THE STORY IN FIGURES
Rosenthal, Industrial Development Corporation of South Africa Ltd The Story of the First Twenty Years, 1960. Industrial Development Act No. 22 of 1940 (Act) (as amended) was approved on 15 May 1940 and signed in English by the Governor-General (Sir Patrick Duncan) of the Union of South Africa. However, the underlying reason for this policy, namely apartheid, was unacceptable in the eyes of the world, as it was a policy to maintain white political power in South Africa.
Malan of the National Party became Prime Minister There have been changes in the IDC Directorate.
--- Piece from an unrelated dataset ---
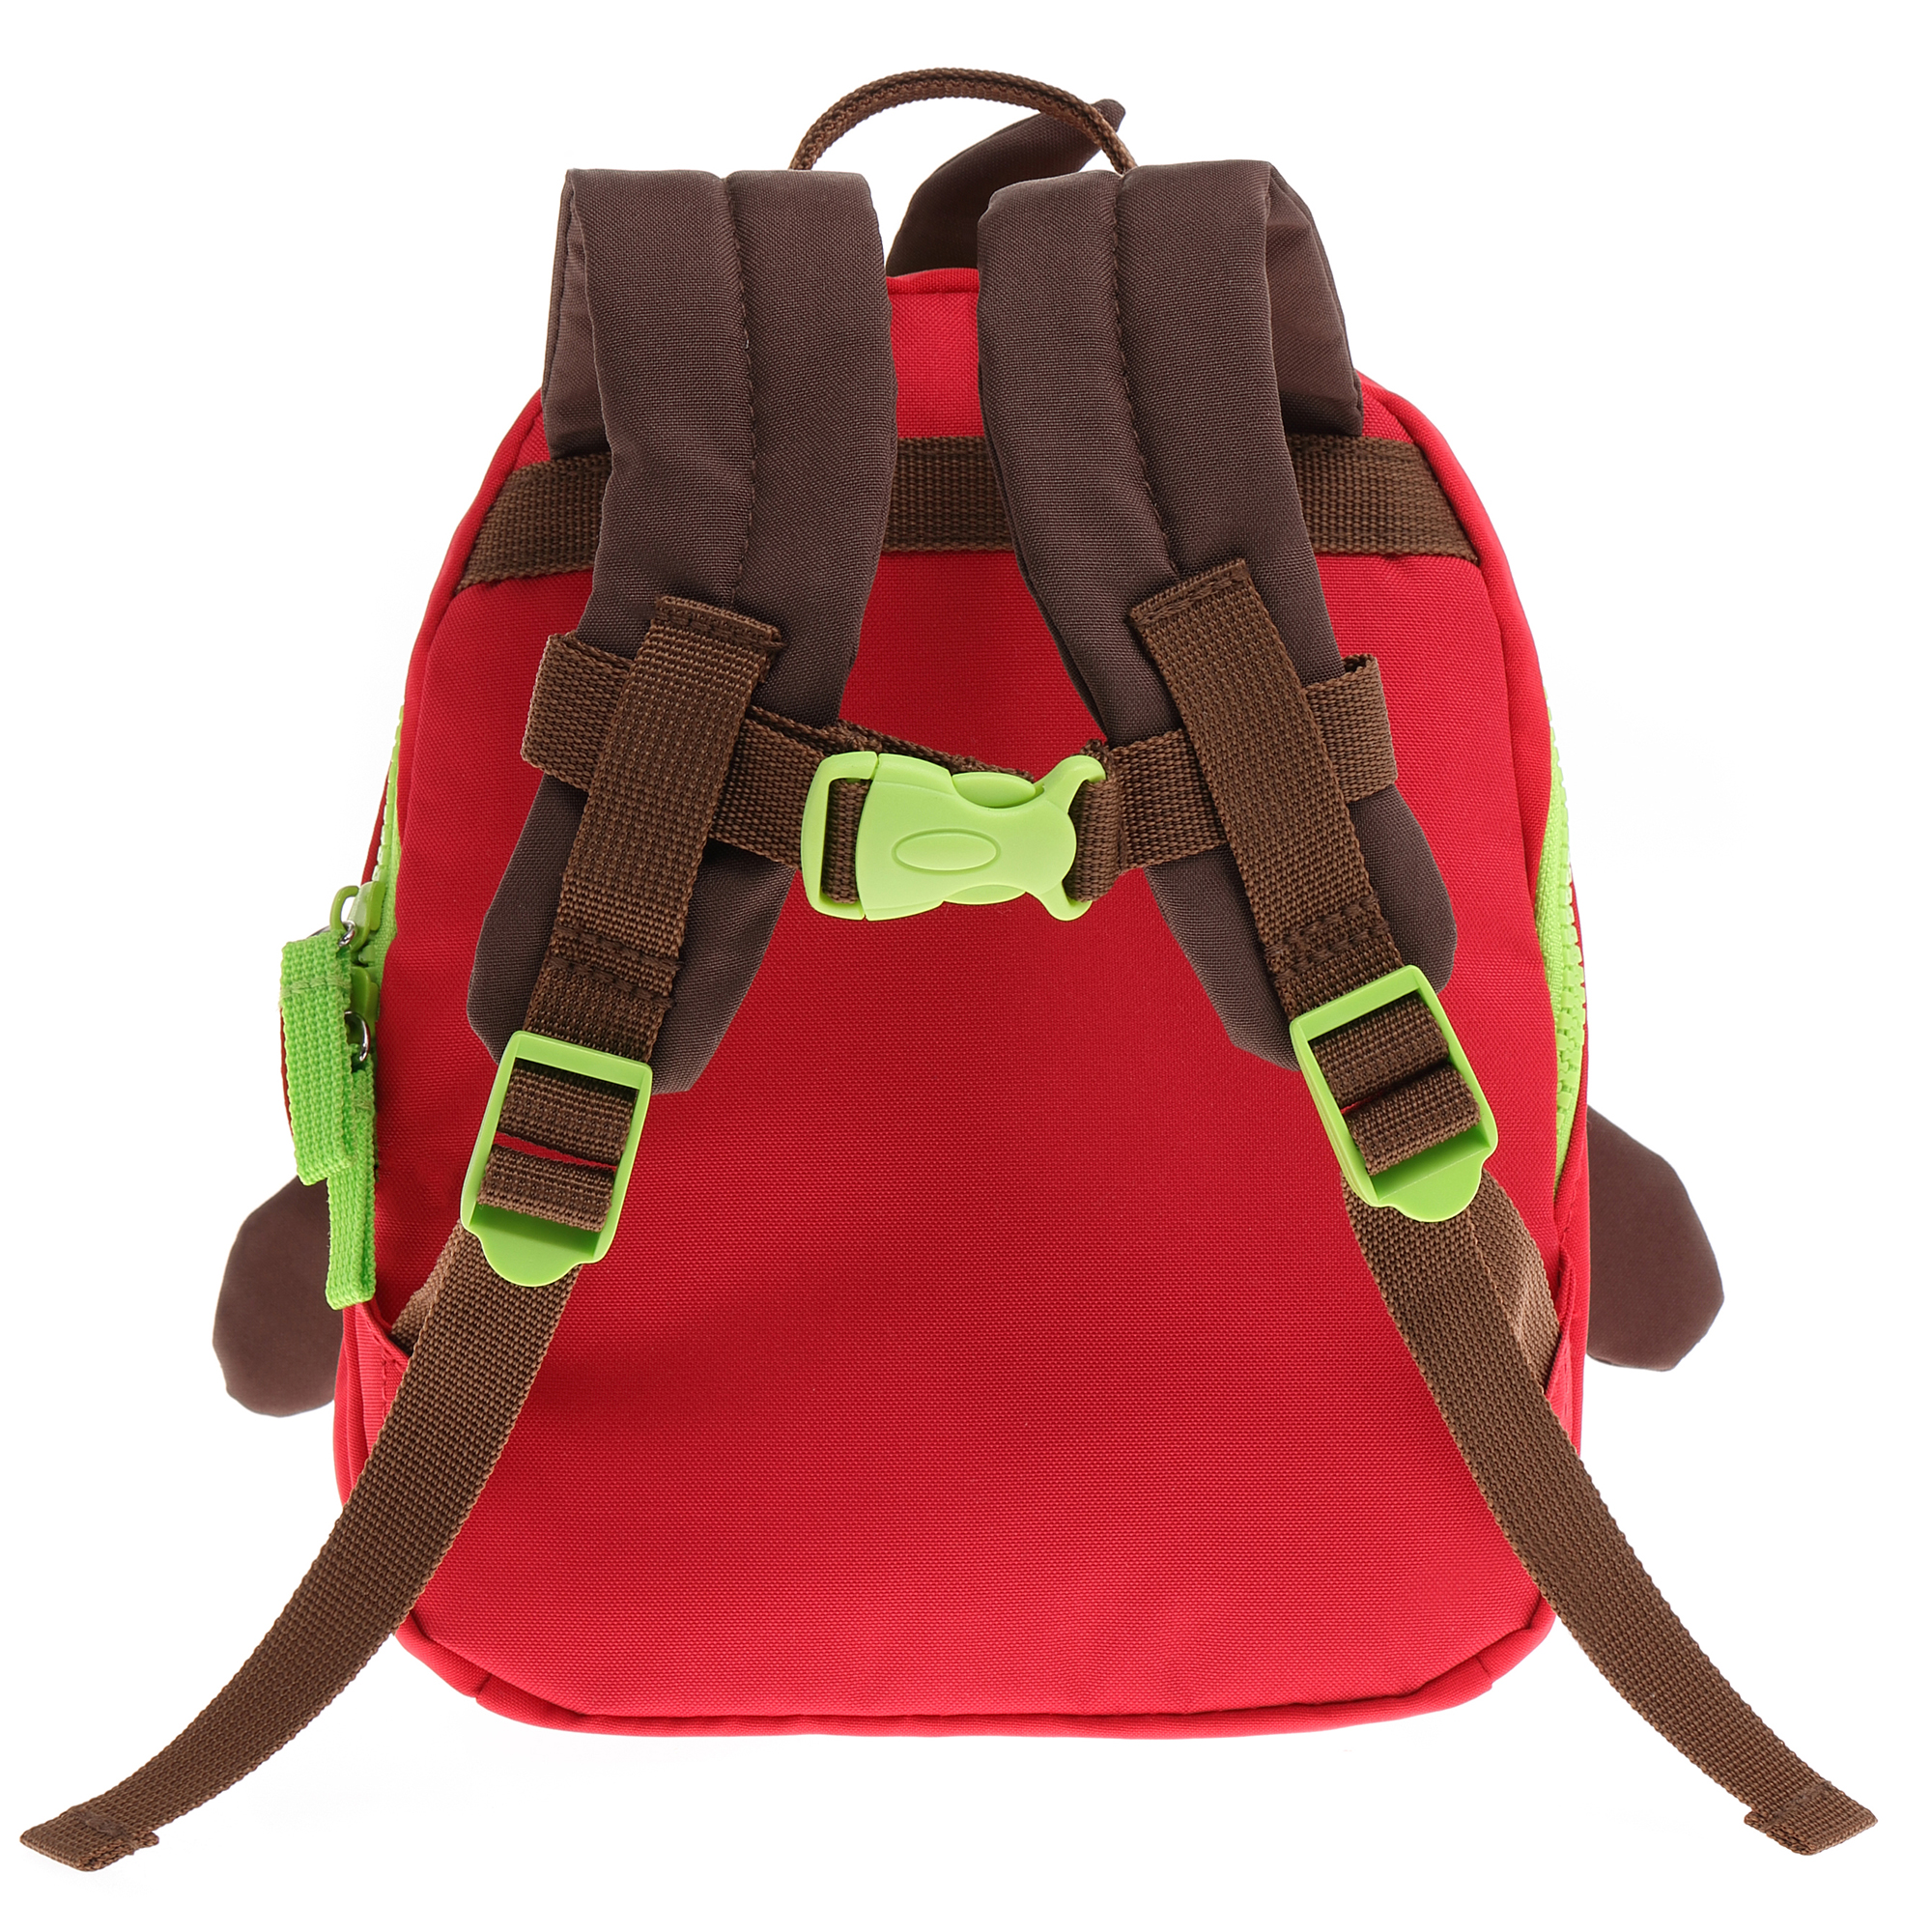 Children's backpack Dog

This was actually the beginning of the Nationalist government's policy of decentralization -- apartheid in action in the textile industry. When completed, (it) will probably be one of the most modern vertically integrated mills in the world."
For the first time in the country's history, the manufacturing sector was ahead of the agricultural and mining sectors. The lack of government support was in stark contrast to the policies of the Industrial Development Corporation of South Africa Limited in the post-World War 11 era. Probably one of the most serious limitations the industry experienced was the age of its looms.
In this background, the financing of the mills that made up the industry should be seen. This thesis has examined a number of factors critical to the early development of the textile industry.